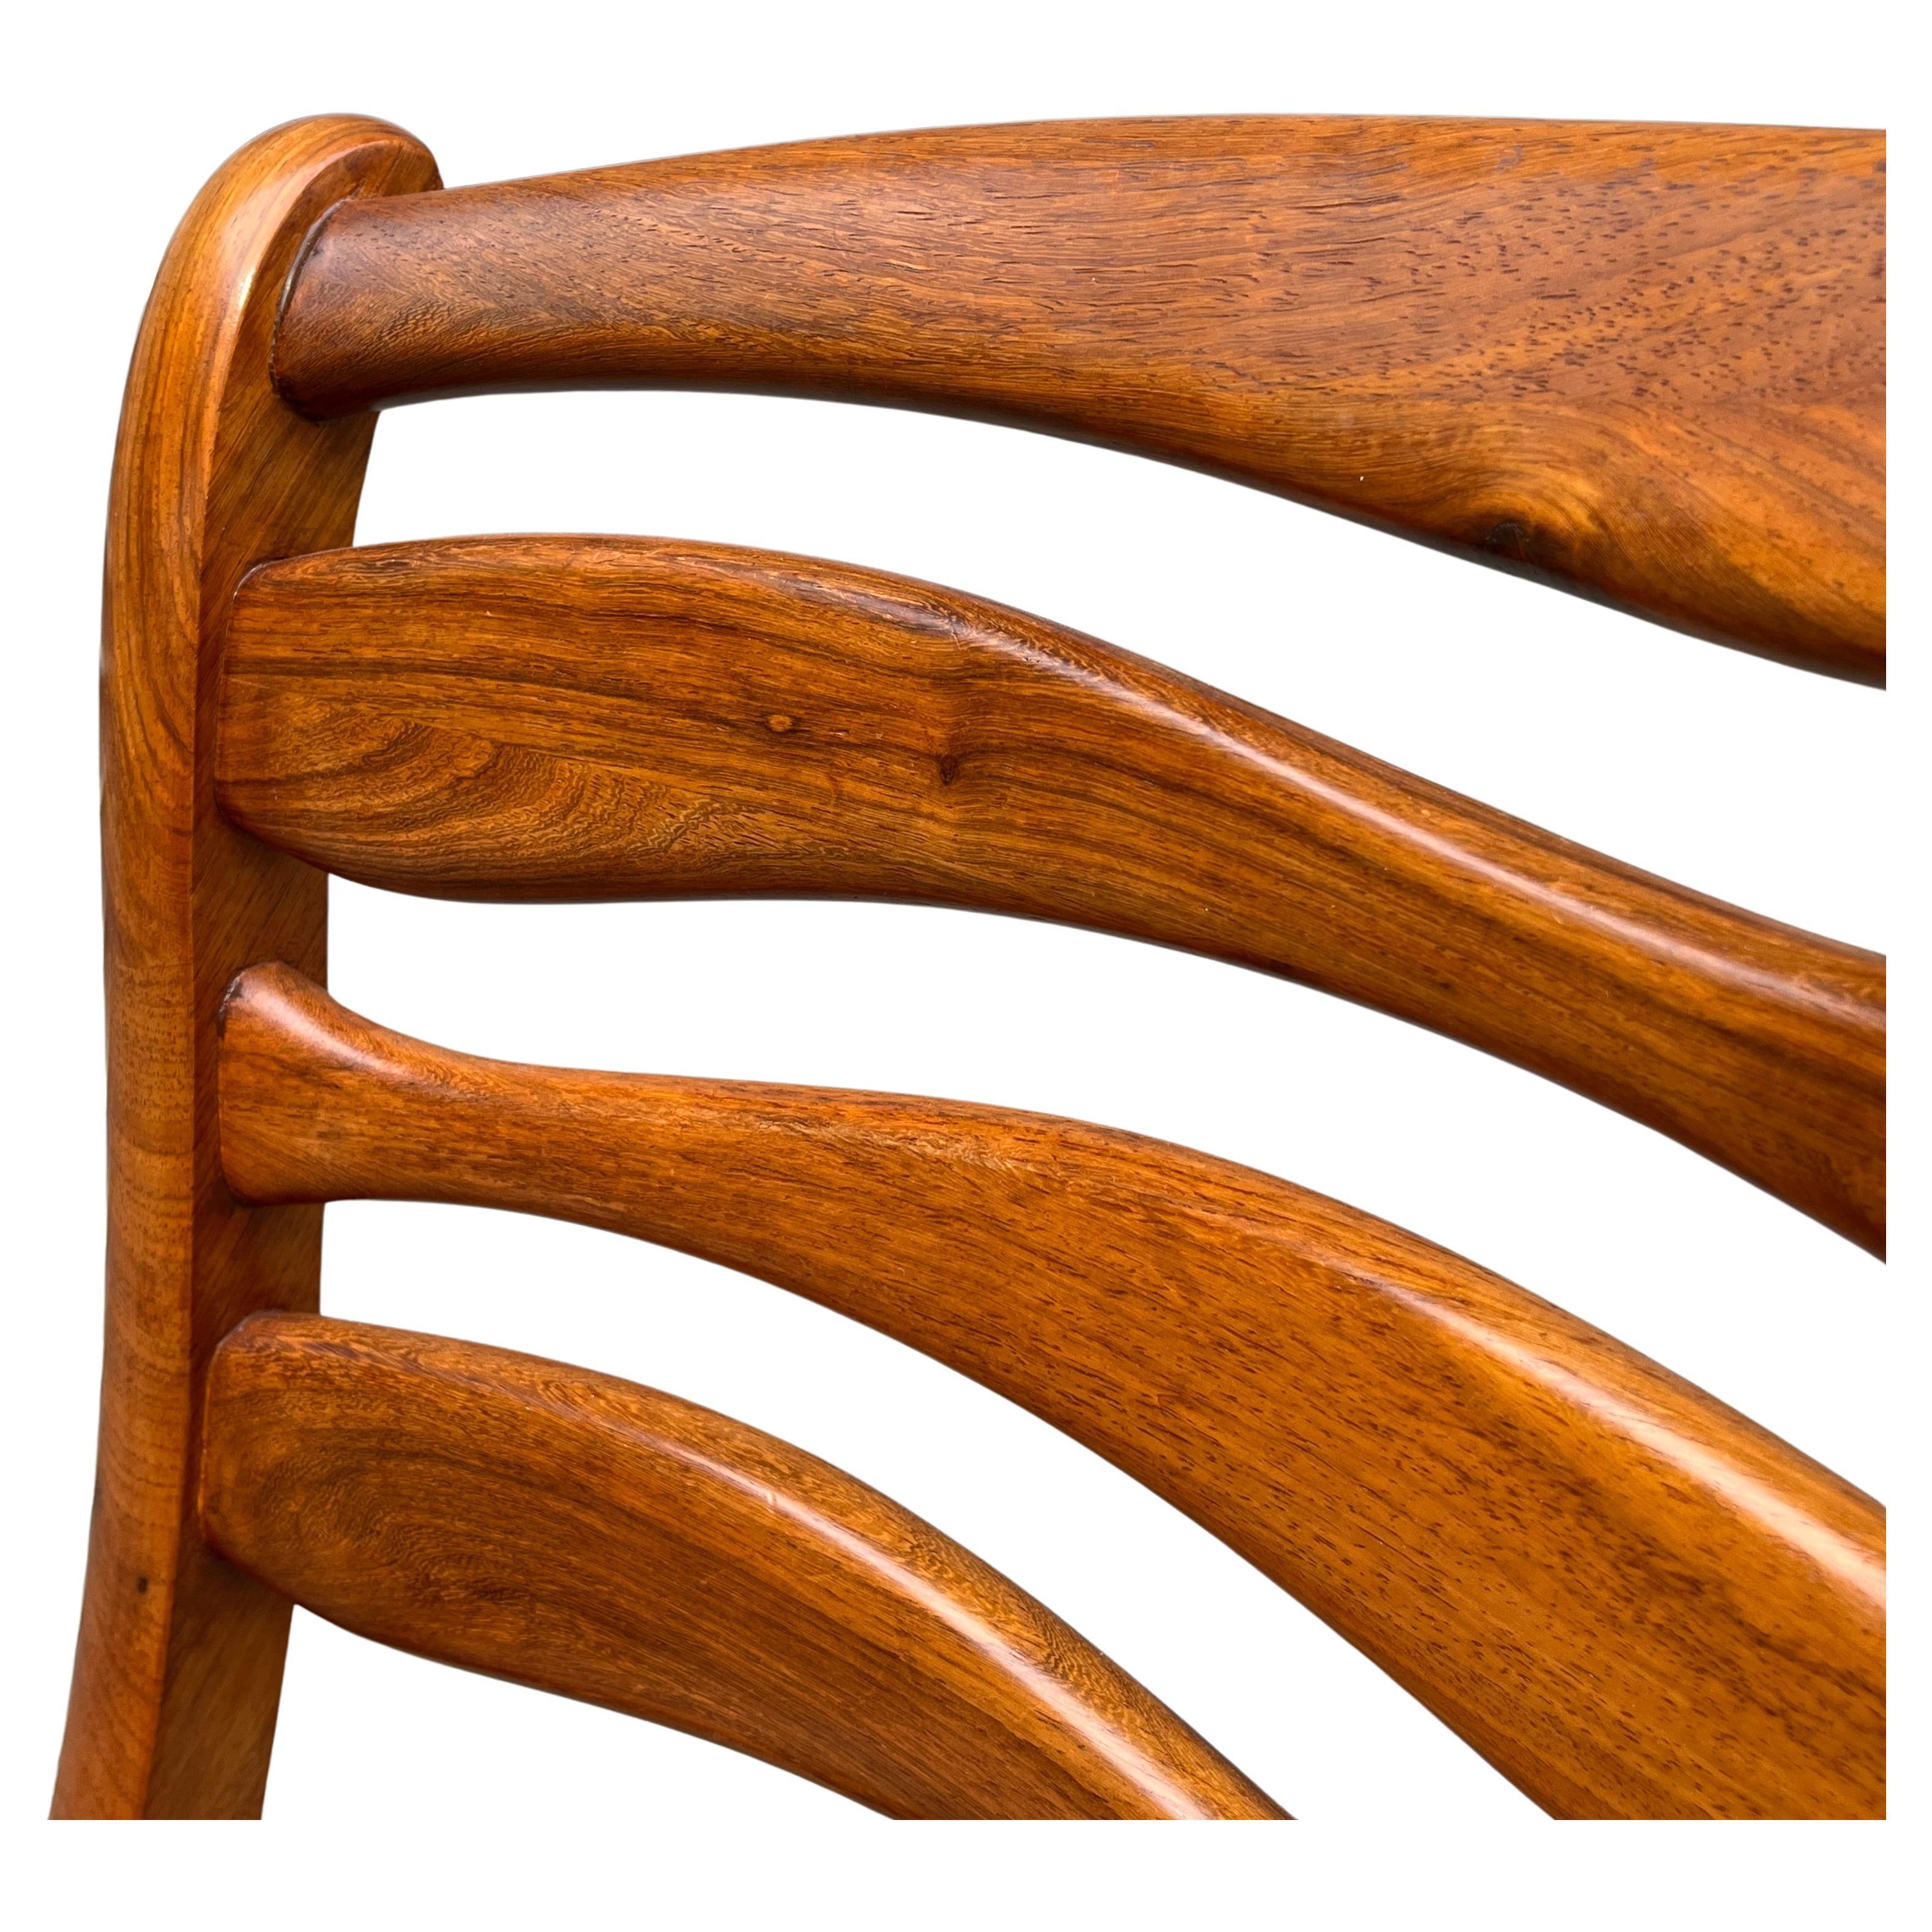 Schönes Set oder skulpturaler Esszimmerstuhl. Modernes Handwerk, das auf Form und Funktion achtet. Sehr komfortabel und langlebig. Holz unbekannt. Scheint aus Teakholz oder schwarzem Nussbaum zu sein.  Einzigartiges Set
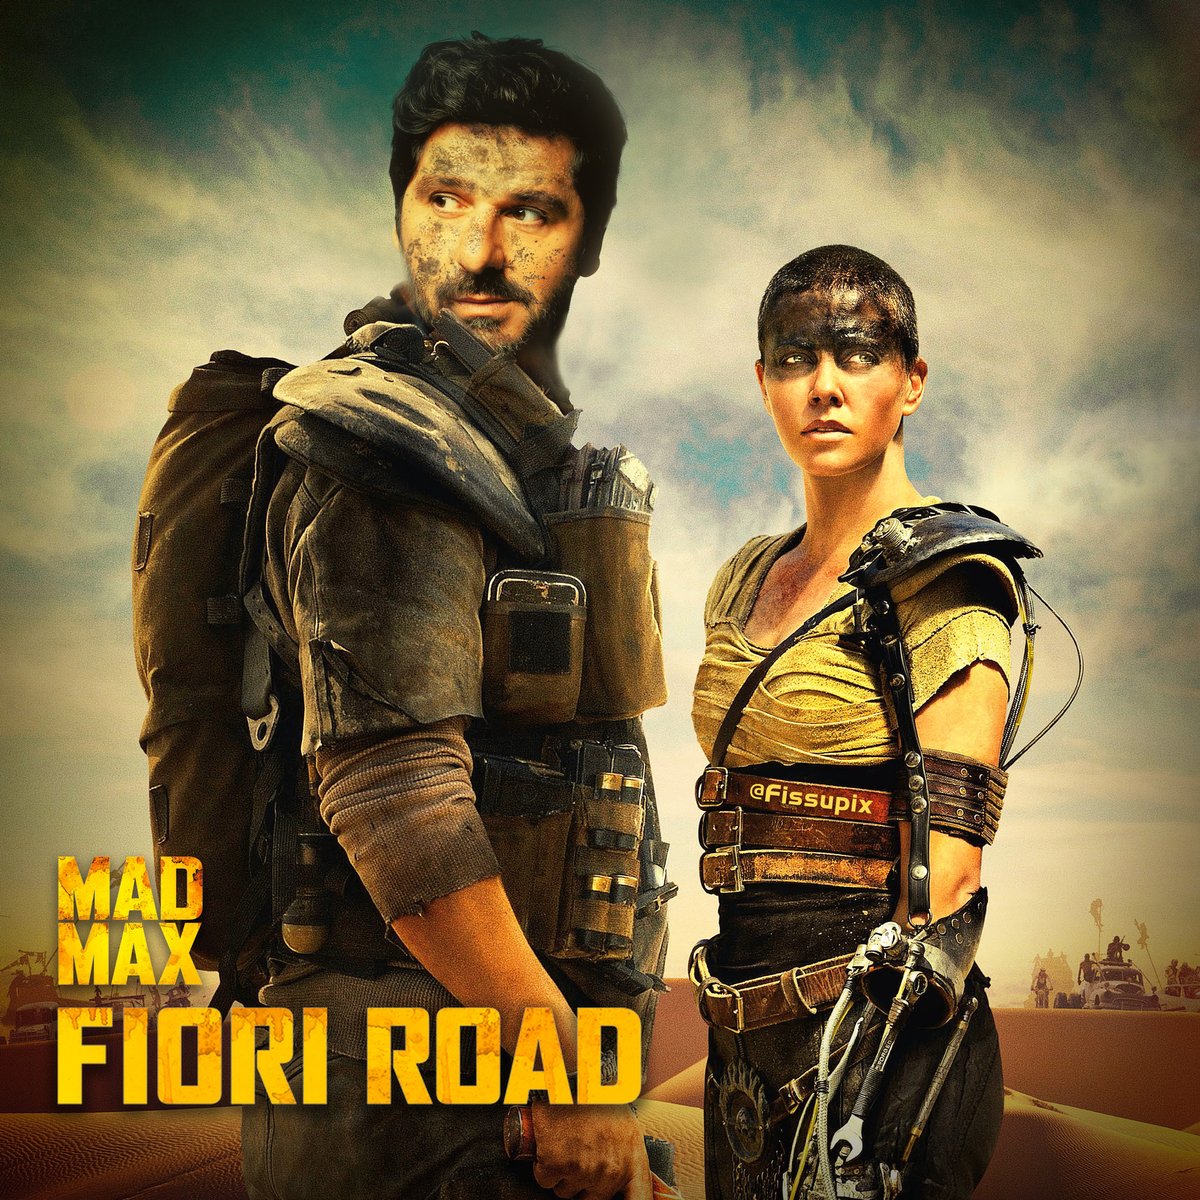 Fiori Road, la comédie musicale post-apocalyptique disponible uniquement sur FissuFlix !
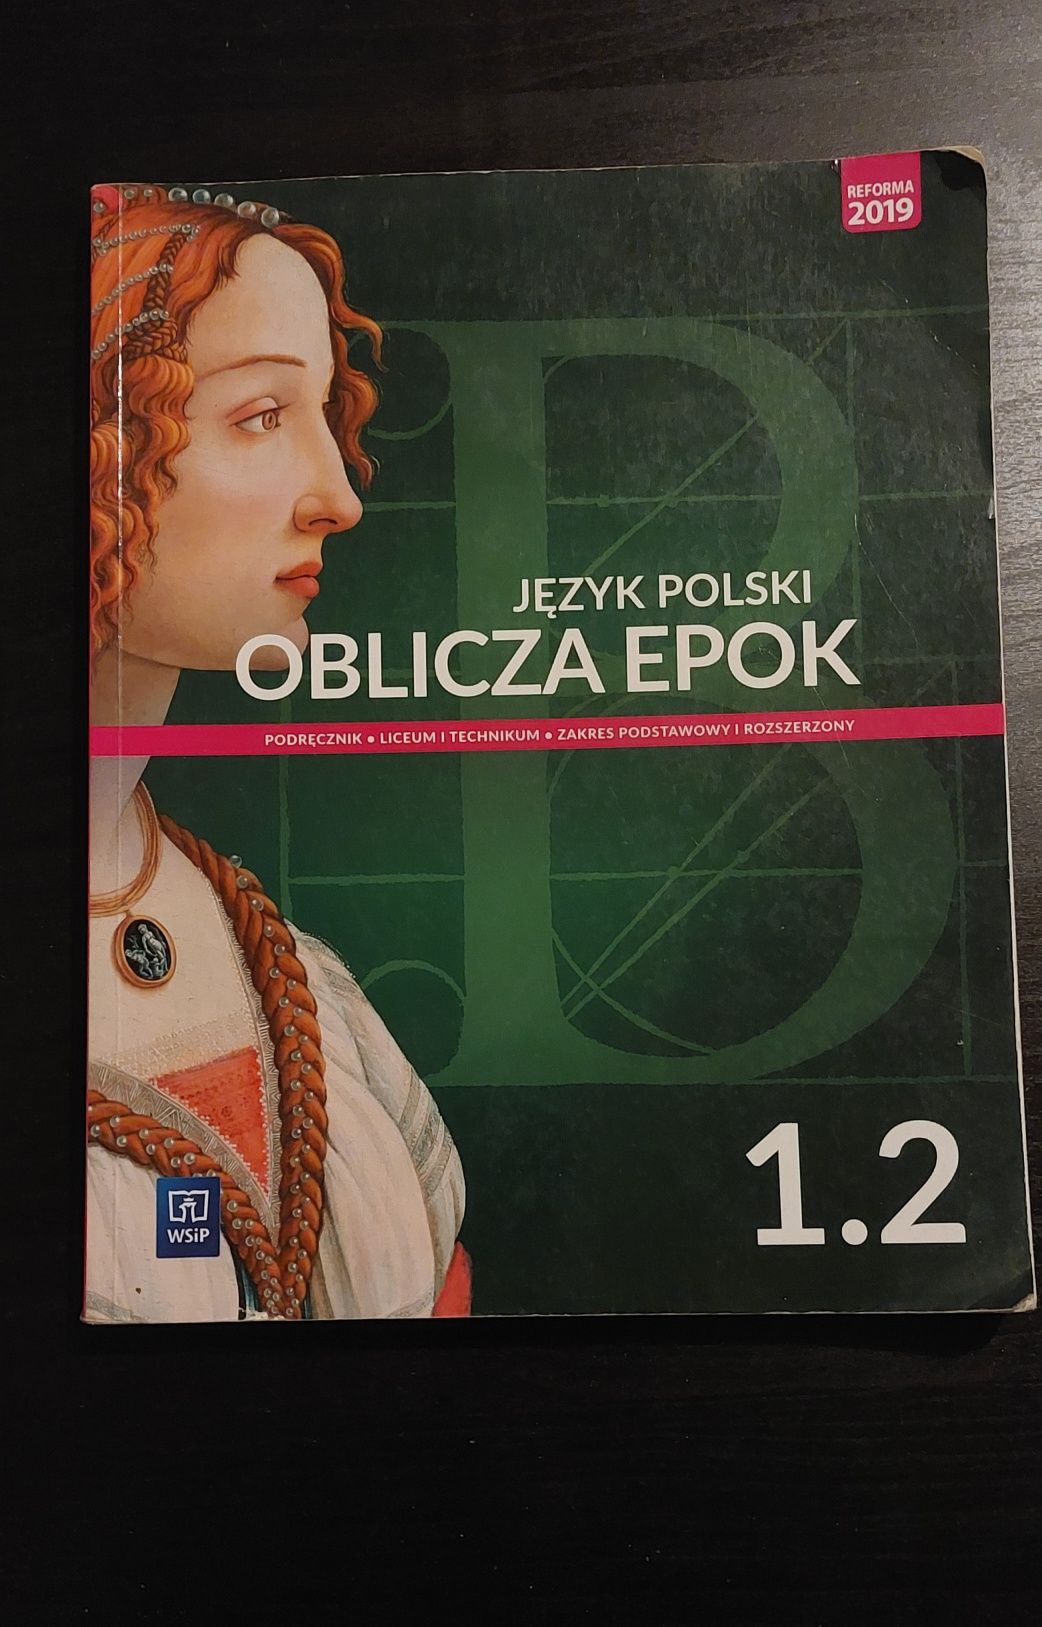 Podręcznik do Języka Polskiego 1.1 oraz 1.2 "Oblicza Epok"

+++++

# HOW TO COMPLETE THIS TASK:
The whole of the data needs to be copied word for word, though not its pictures.

# EXERCISE SOLUTION:
 Schönes Set oder skulpturaler Esszimmerstuhl. Modernes Handwerk, das auf Form und Funktion achtet. Sehr komfortabel und langlebig. Holz unbekannt. Scheint aus Teakholz oder schwarzem Nussbaum zu sein.  Einzigartiges Set
 Fiori Road, la comédie musicale post-apocalyptique disponible uniquement sur FissuFlix !
 Podręcznik do Języka Polskiego 1.1 oraz 1.2 "Oblicza Epok"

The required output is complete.